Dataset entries
Content starts

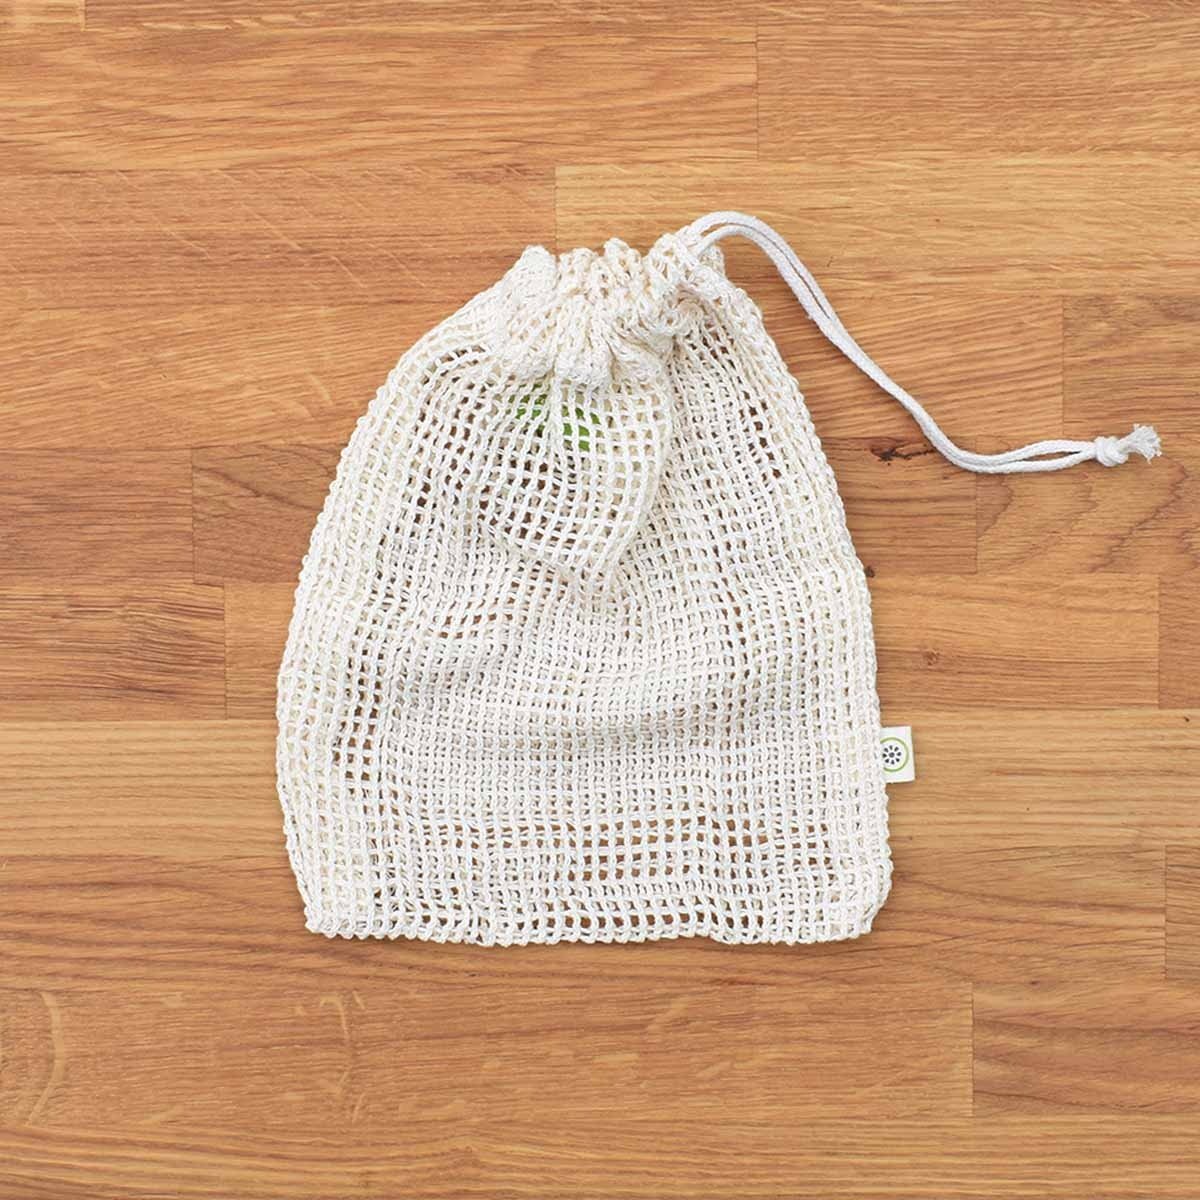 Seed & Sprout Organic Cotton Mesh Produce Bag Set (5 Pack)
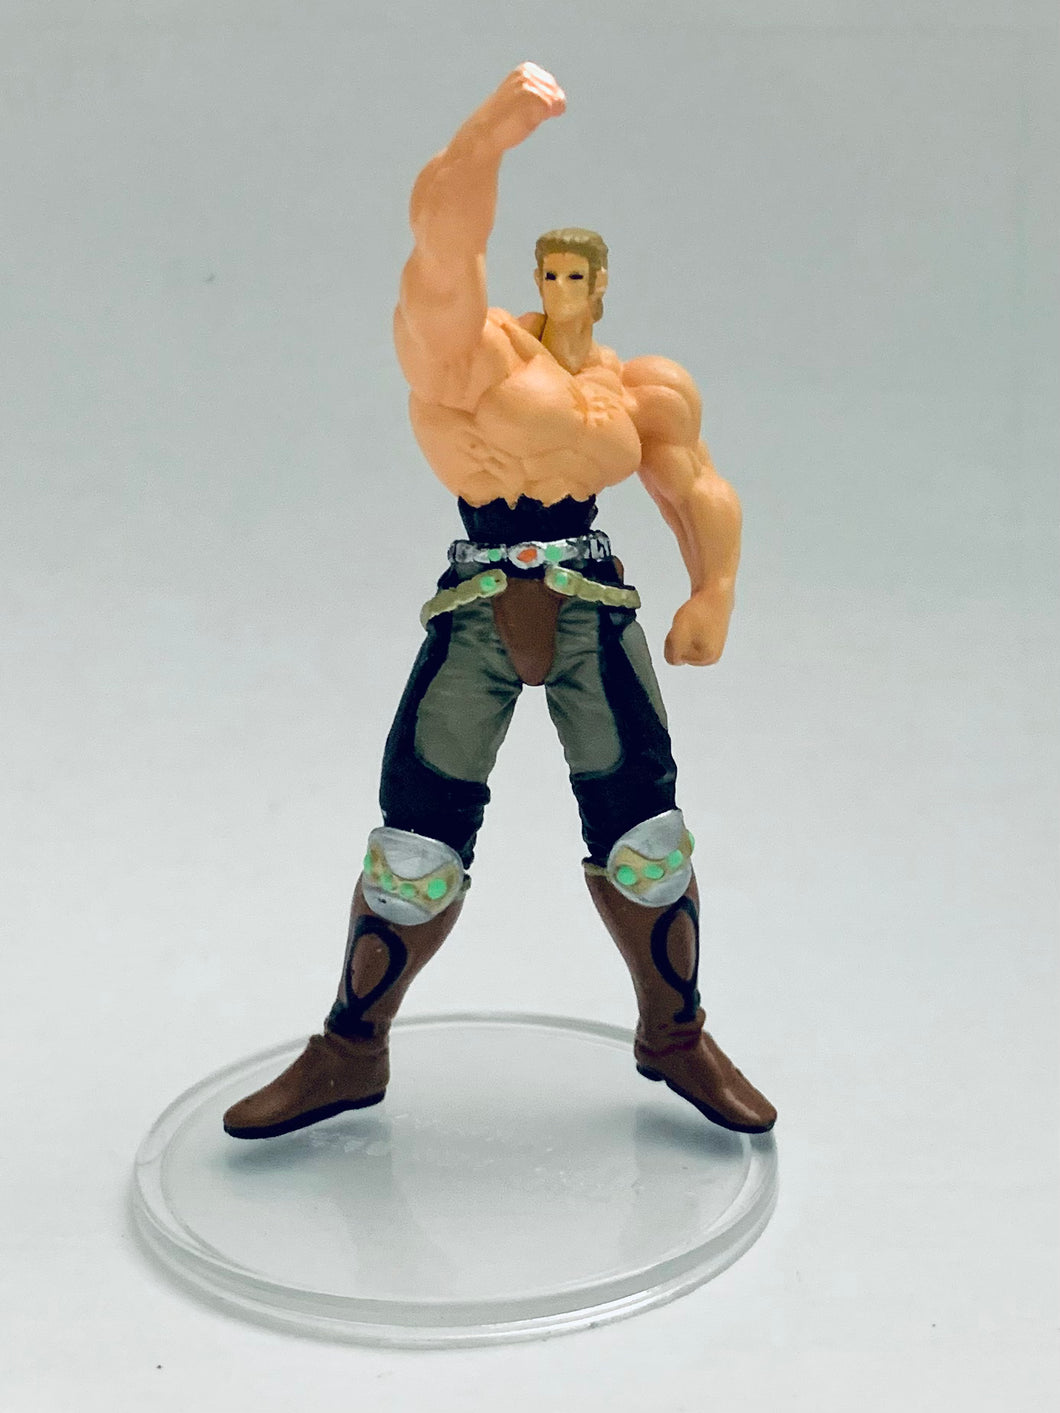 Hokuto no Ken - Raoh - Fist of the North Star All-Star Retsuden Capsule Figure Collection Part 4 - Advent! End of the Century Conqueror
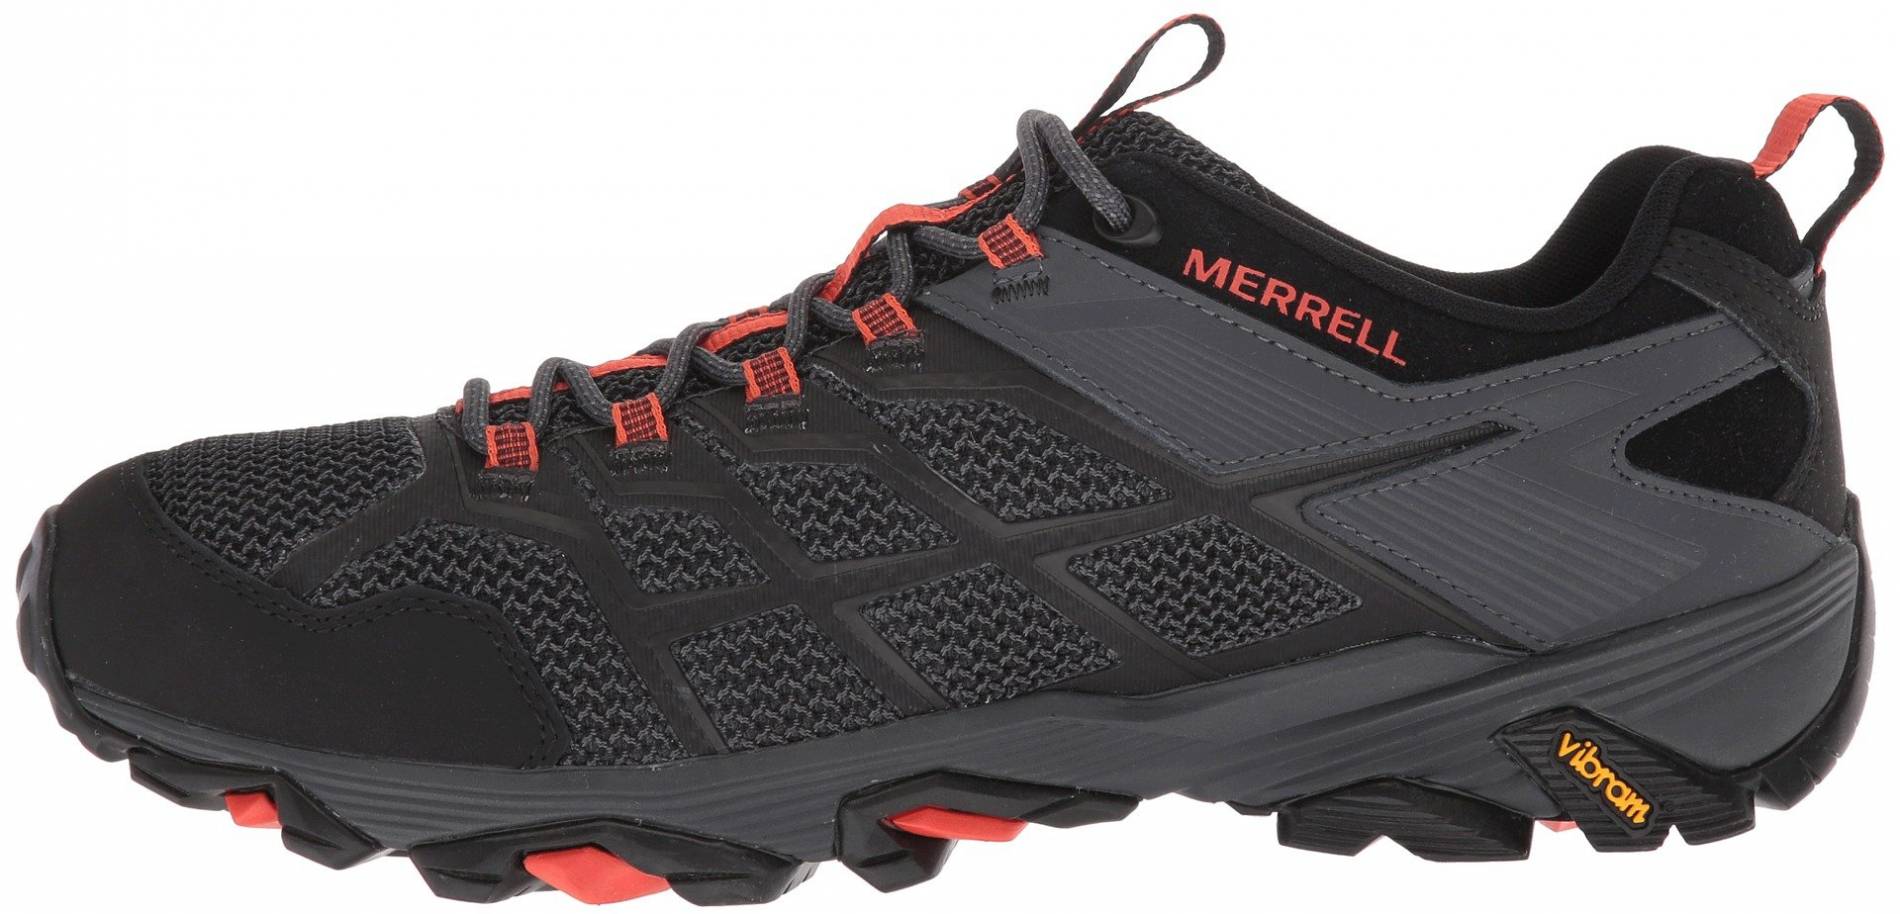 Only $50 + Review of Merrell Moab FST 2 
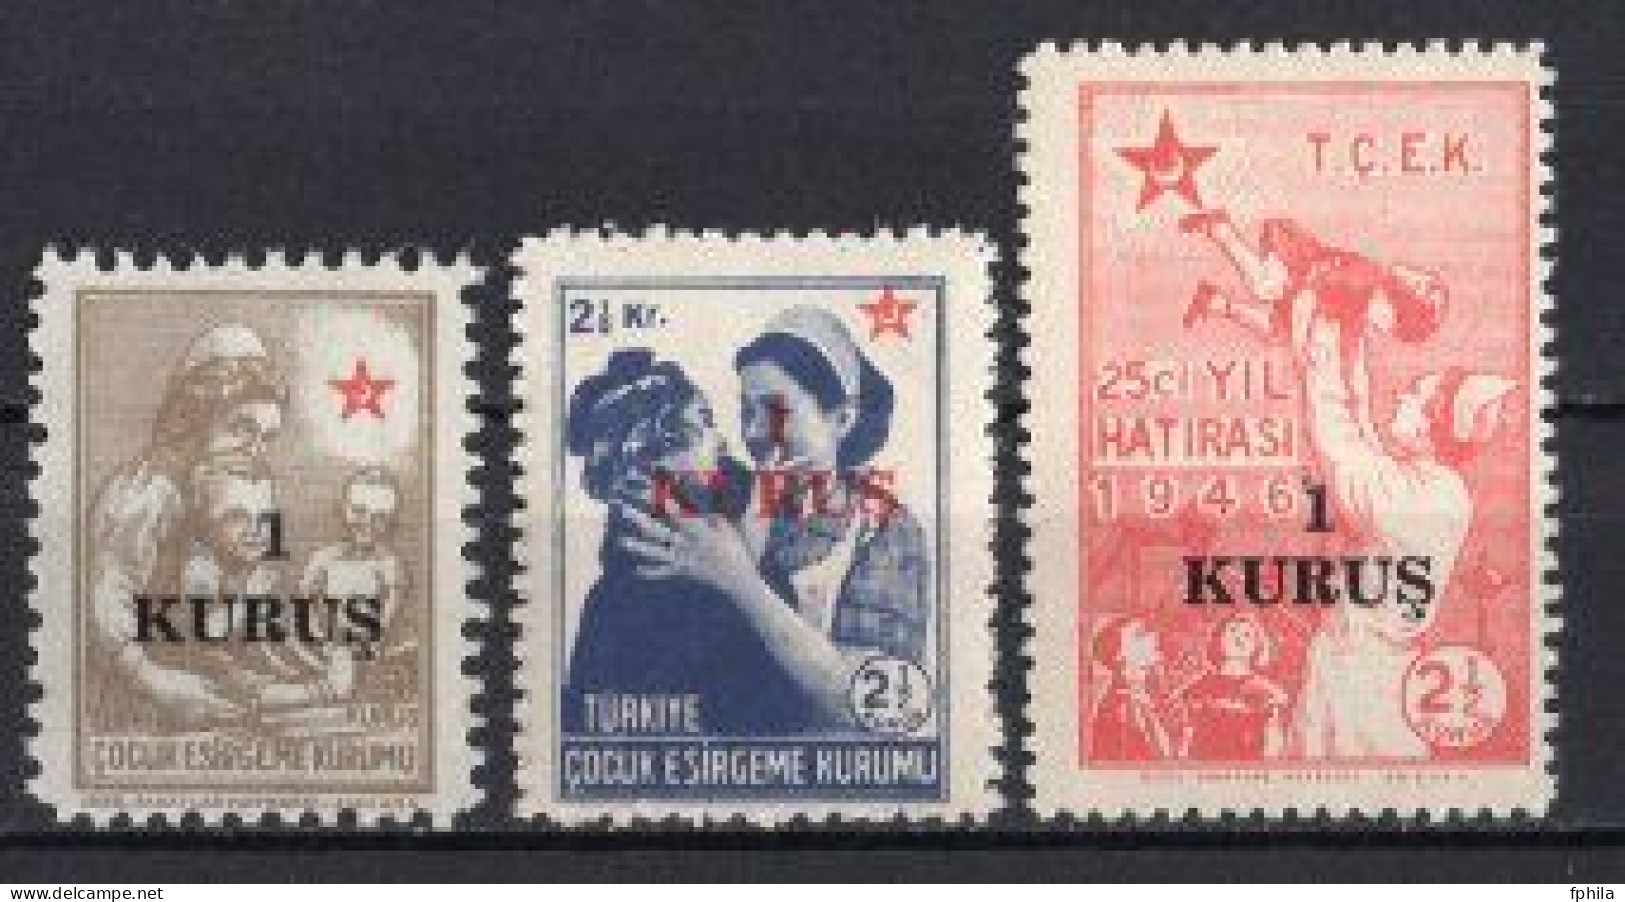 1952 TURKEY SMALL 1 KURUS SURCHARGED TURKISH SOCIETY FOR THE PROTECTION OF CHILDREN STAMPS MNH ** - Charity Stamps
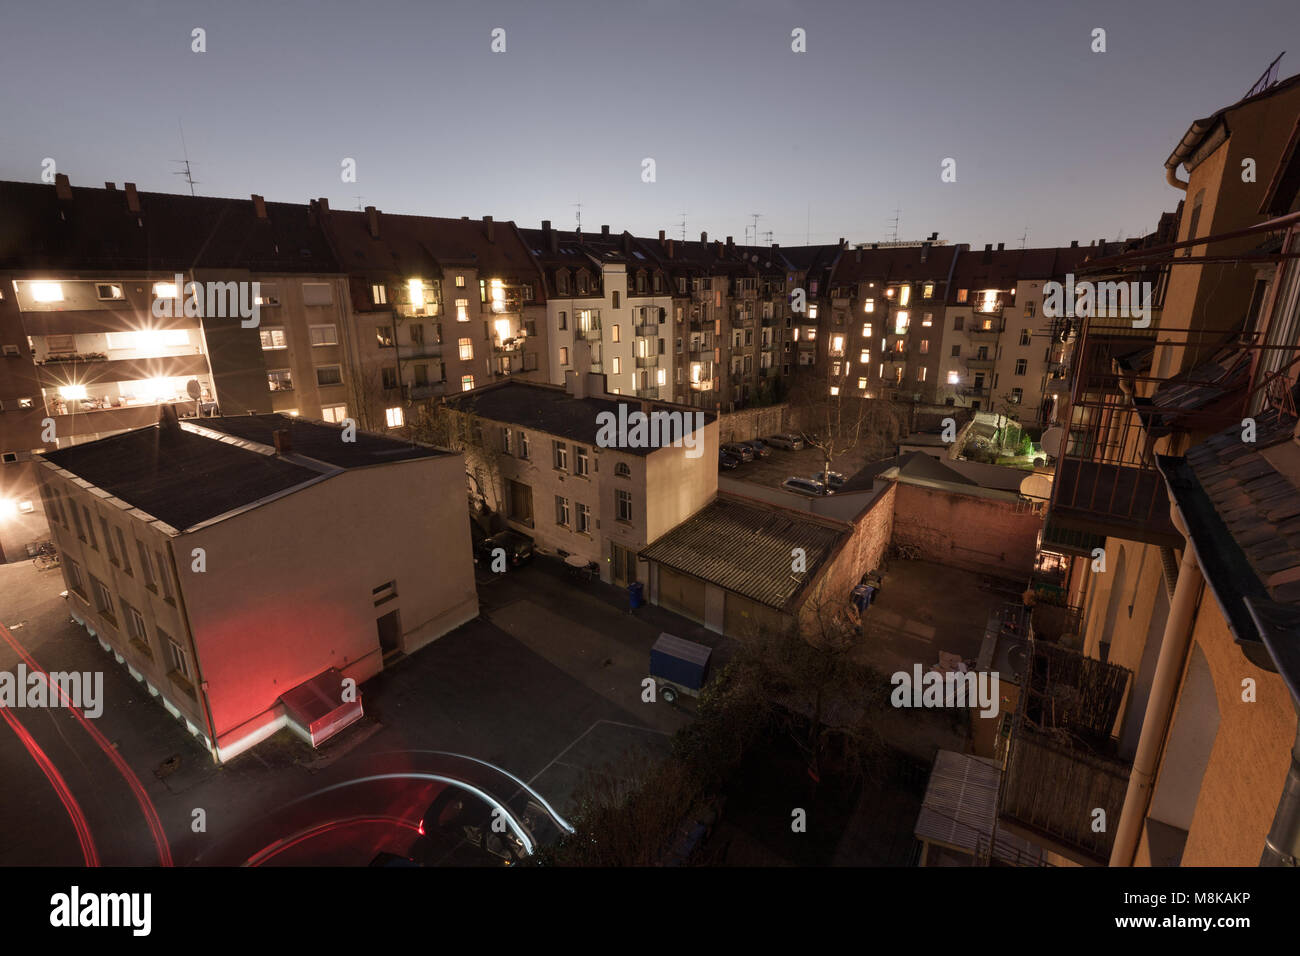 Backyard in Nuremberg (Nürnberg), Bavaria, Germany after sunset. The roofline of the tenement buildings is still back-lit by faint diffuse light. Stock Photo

Content ends

Prompt
Your answer must be an exact transcription of every entry, minus the pictures.

Answer space
 Seed & Sprout Organic Cotton Mesh Produce Bag Set (5 Pack)
 Hokuto no Ken - Raoh - Fist of the North Star All-Star Retsuden Capsule Figure Collection Part 4 - Advent! End of the Century Conqueror
 Only $50 + Review of Merrell Moab FST 2 
 1952 TURKEY SMALL 1 KURUS SURCHARGED TURKISH SOCIETY FOR THE PROTECTION OF CHILDREN STAMPS MNH ** - Charity Stamps
 Backyard in Nuremberg (Nürnberg), Bavaria, Germany after sunset. The roofline of the tenement buildings is still back-lit by faint diffuse light. Stock Photo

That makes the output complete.